Changes in statistics of object positions in the real world makes linear fusion strategies of RGB and depth data less adaptive to complex scenes. To take full advantage of the depth cues with the discriminative power in location and spatial structure, we design a depth attention module to adaptively fuse the RGB and depth representations as shown in Fig. 3. Firstly, the depth features contain abundant spatial and structural information. We utilize the context attention block which contains a 1 * 1 convolutional layer $W_{k}$ and a softmax function for extracting the salient location cues more precisely, instead of applying simple fusion like summation or concatenation. Then a matrix multiplication operation is adopted to aggregate all location features together to generate attention weights of each channel i ($i.e., \alpha _{i}$) for capturing pixel-wise spatial dependencies. Moreover, the degree of response to the salient regions varies between features of different channels. Thus we adopt a channel-wise attention block which contains two 1 * 1 convolutional layers $W_{c}$ and a LayerNorm function to capture the inter-dependencies between channels, and further achieves a weighted depth feature $\beta $. Then we adopt dot product operation to fuse $\beta $ into the RGB stream, which helps guide the RGB features at pixel-level to distinguish the foreground and background thoroughly. Furthermore, the ablation experiments in Sect. 4.3 also verify the effectiveness of our DAM compared with simple fusion. And the visual results in Fig. 6(b) also prove that the salient regions are emphasized through the attention mechanism.

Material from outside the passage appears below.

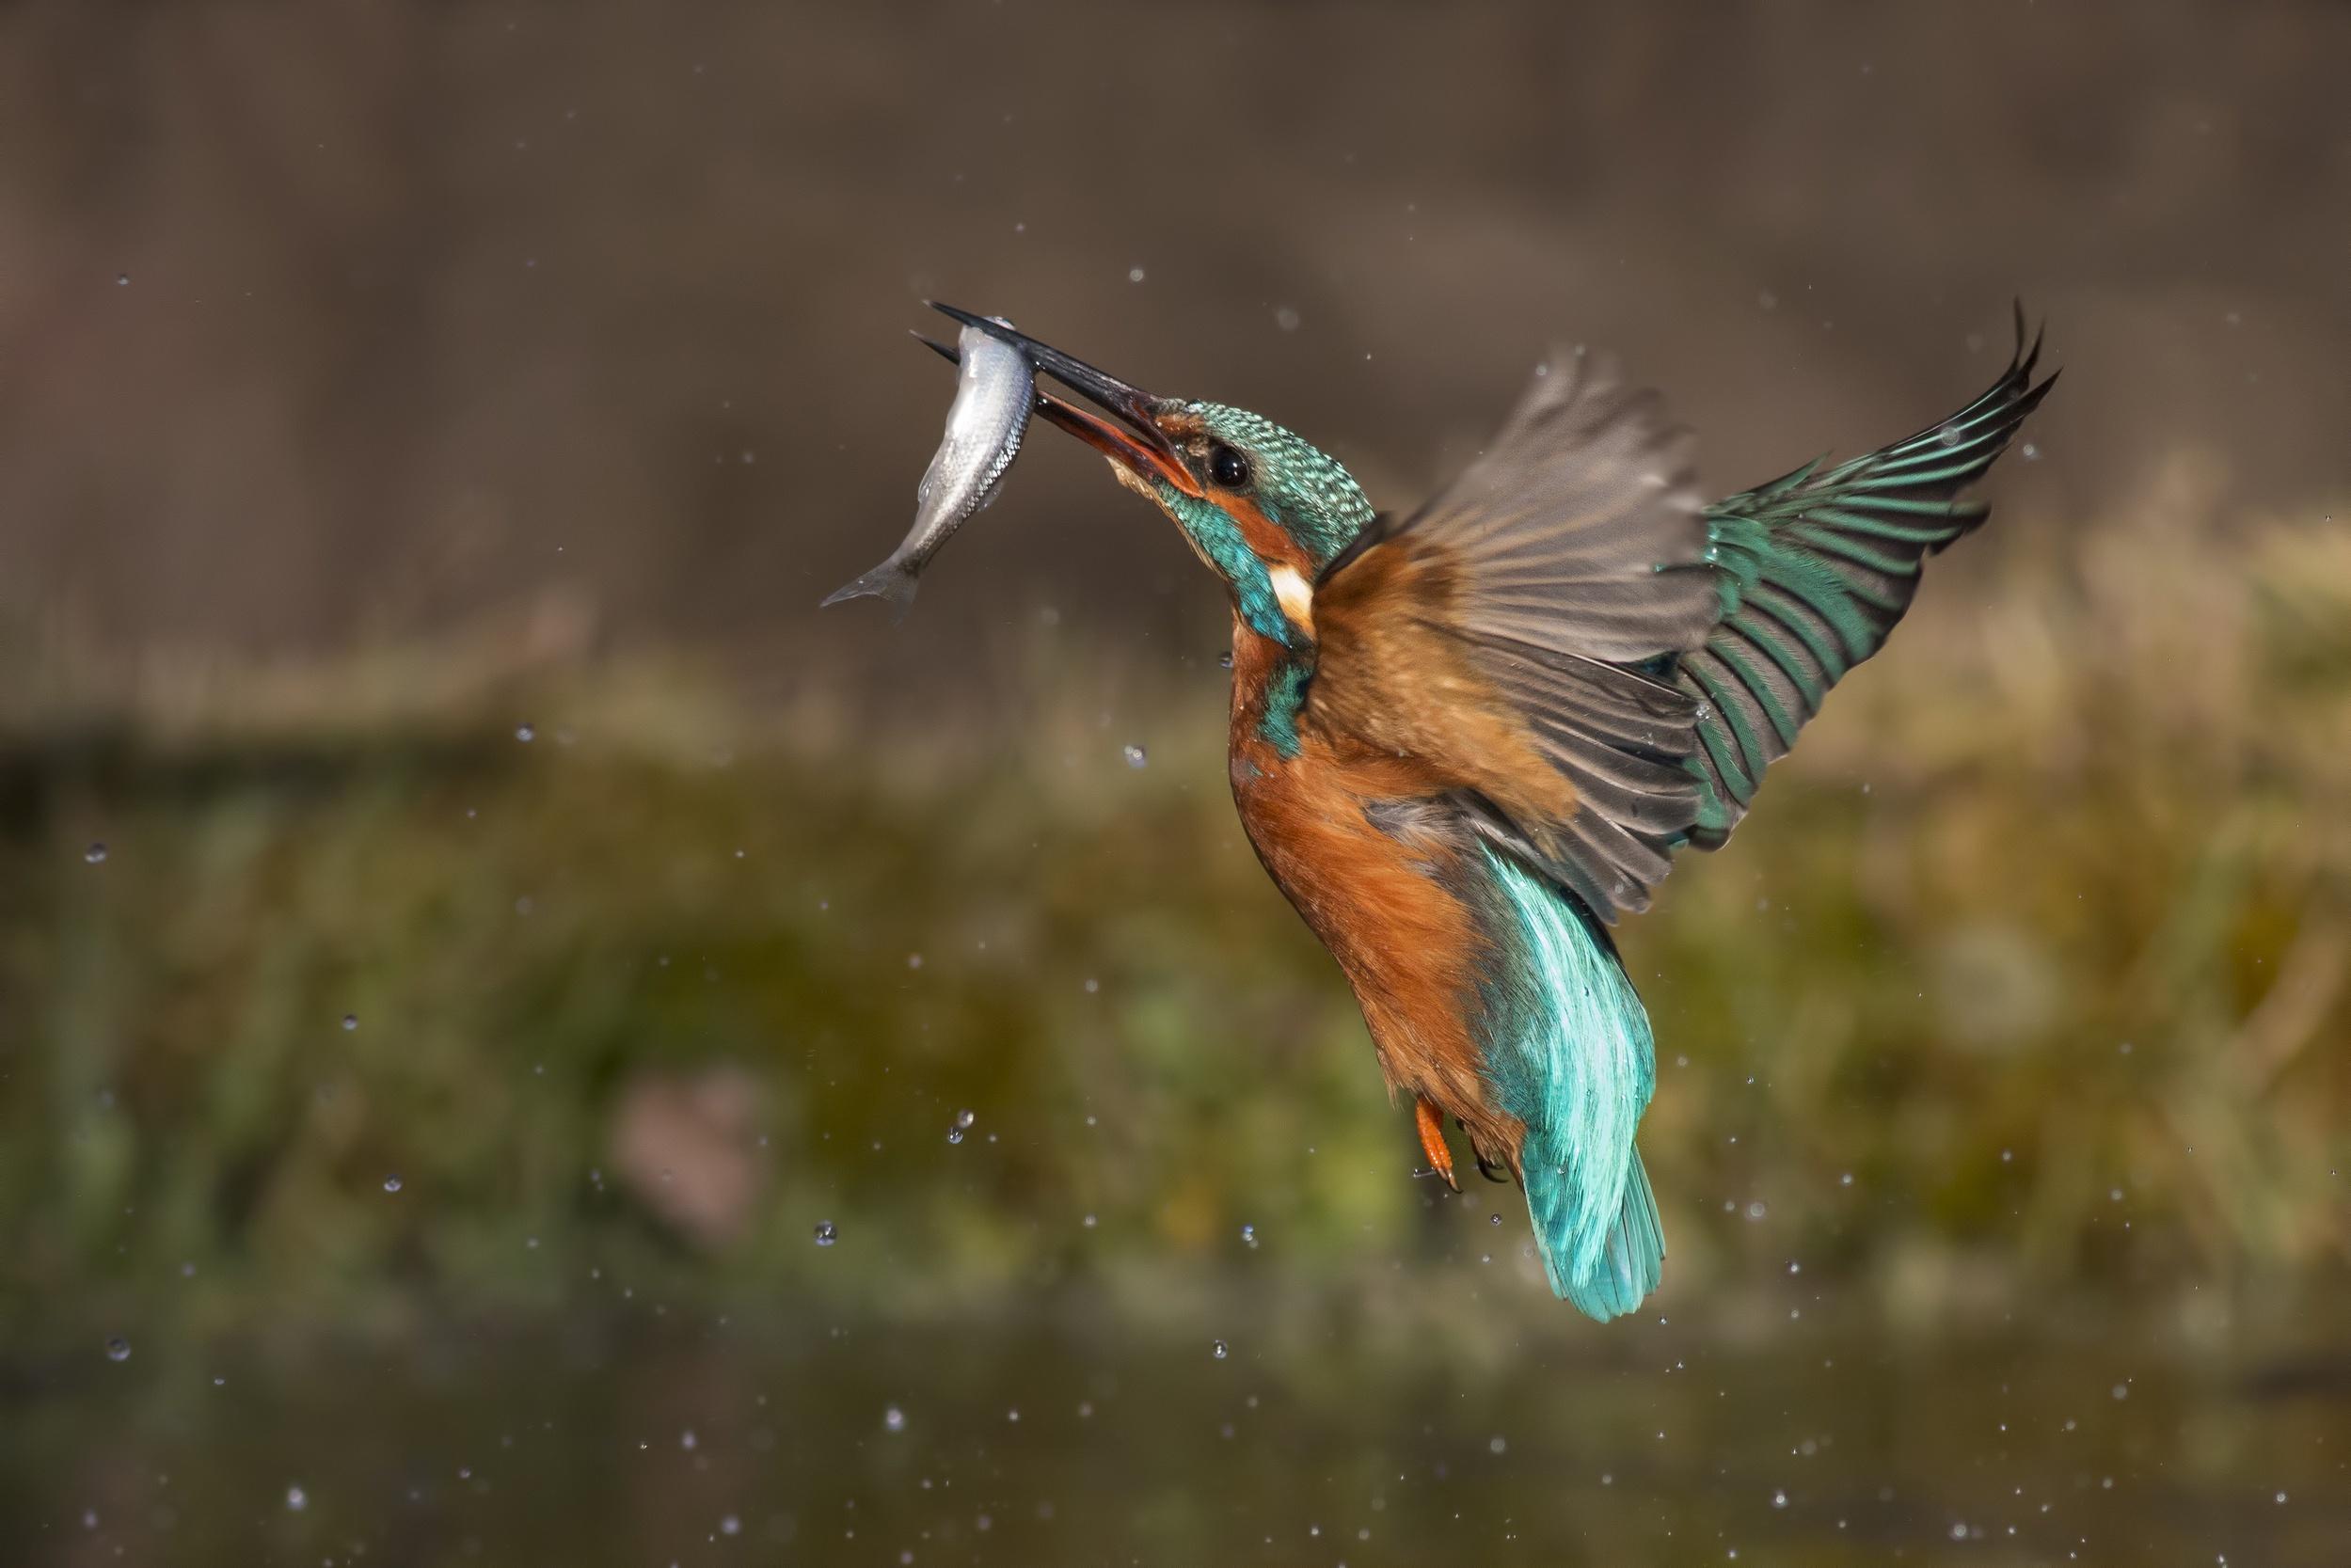 Pictures Common Kingfisher Fish Birds hunt Flight animal 2499x1667 bird Hunting Animals
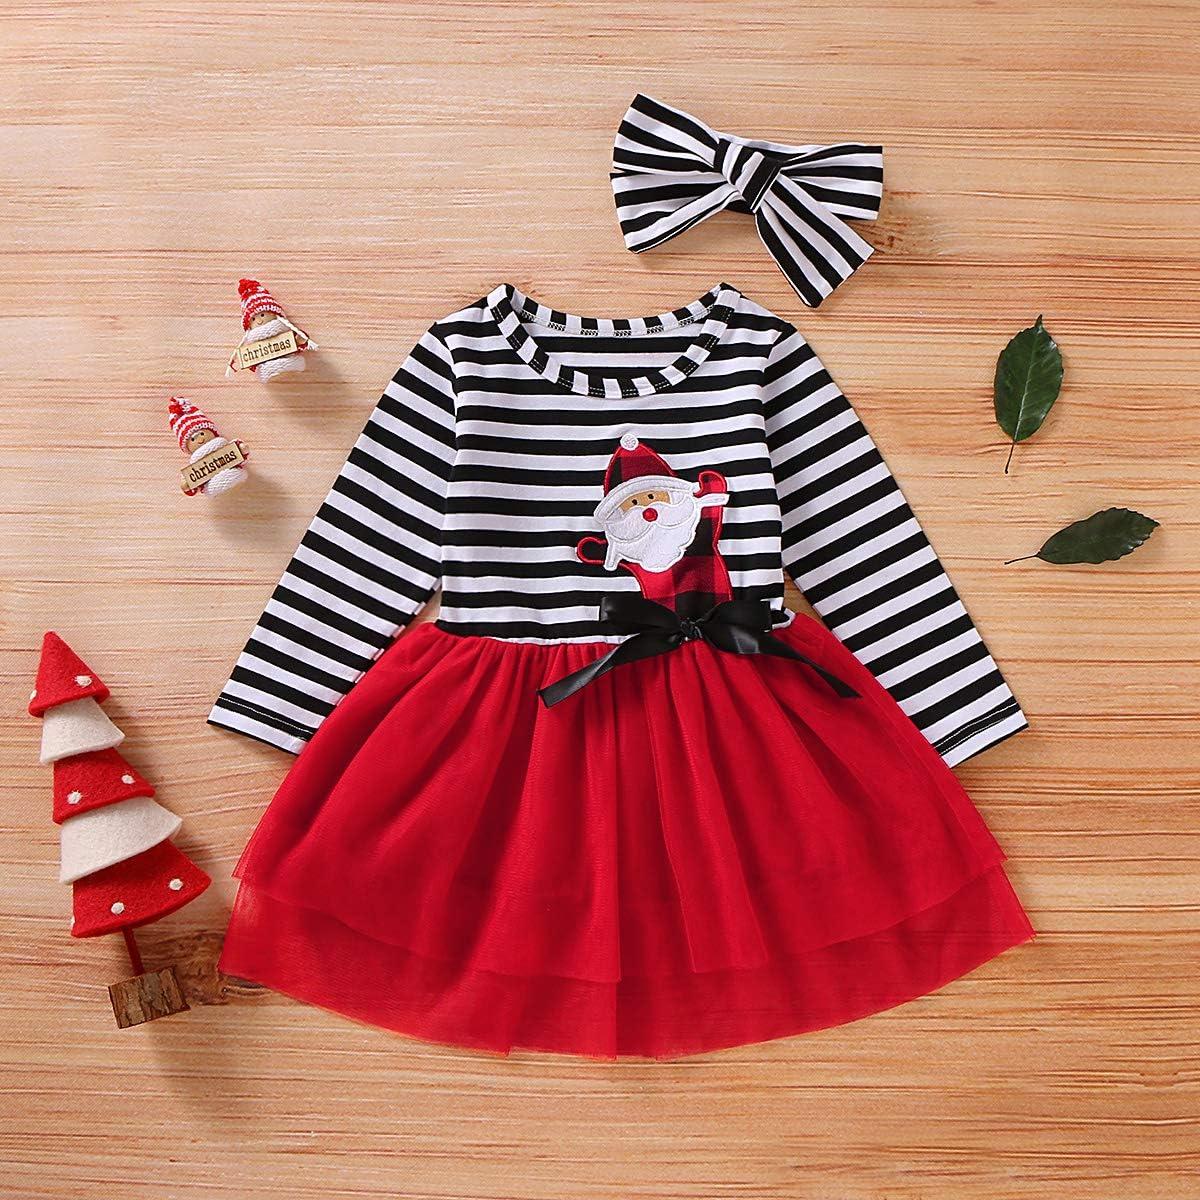 puseky Bambino Ragazze del Bambino di Ringraziamento di Natale della Banda del Vestito della Maglia Tutu Abito da Principessa con Archetto

The details of these three blocks can be formulated as the following equations:

$$\begin{aligned} \alpha _{i}=\sum _{j=1}^{N_{p}}\frac{e^{W_{k}F_{d}^{j}}}{\sum _{m=1}^{N_{p}}e^{W_{k}F_{d}^{m}}}F_{d}^{j}, \end{aligned}$$

(4)

$$\begin{aligned} \beta _{i}=\varsigma (W_{c2}ReLU(LN(W_{c1}\alpha _{i})) \odot F_{d}), \end{aligned}$$

(5)

$$\begin{aligned} F_{fusion}=\varsigma (F_{RGB}\odot \beta ), \end{aligned}$$

(6)

where $\alpha _{i}$ denotes the weight of the $i^{th}$ channel to obtain the global context features. $F_{d}^{j}$ means the $j^{th}$ position in depth feature $F_{depth}$. $N_{p}$ is the number of positions in the depth feature map (e.g., $N_{p} = H\cdot W$). $W_{k}$, $W_{c1}$ and $W_{c2}$ denote 1 * 1 convolutional operations. LN denotes the LayerNorm operation after the convolution $W_{c1}$, and ReLU is an activate function. The $\varsigma (\cdot )$ and $\odot $ mean the sigmoid function and dot product operation, respectively. The $\beta _{i}$ indicates the depth pixel-wise attention map of $i^{th}$ channel of $F_{RGB}$. $F_{RGB}$ and $F_{fusion}$ represent the input RGB feature and the output feature of the DAM, respectively. The $F_{fusion}$ can be calculated as a DAM output with much more effective depth-induced context-aware attention features. Furthermore, experiments in Sect. 4.3 show that our DAM is capable of fusing depth features discriminatively and filtering out features which are guided by depth cues in mistake.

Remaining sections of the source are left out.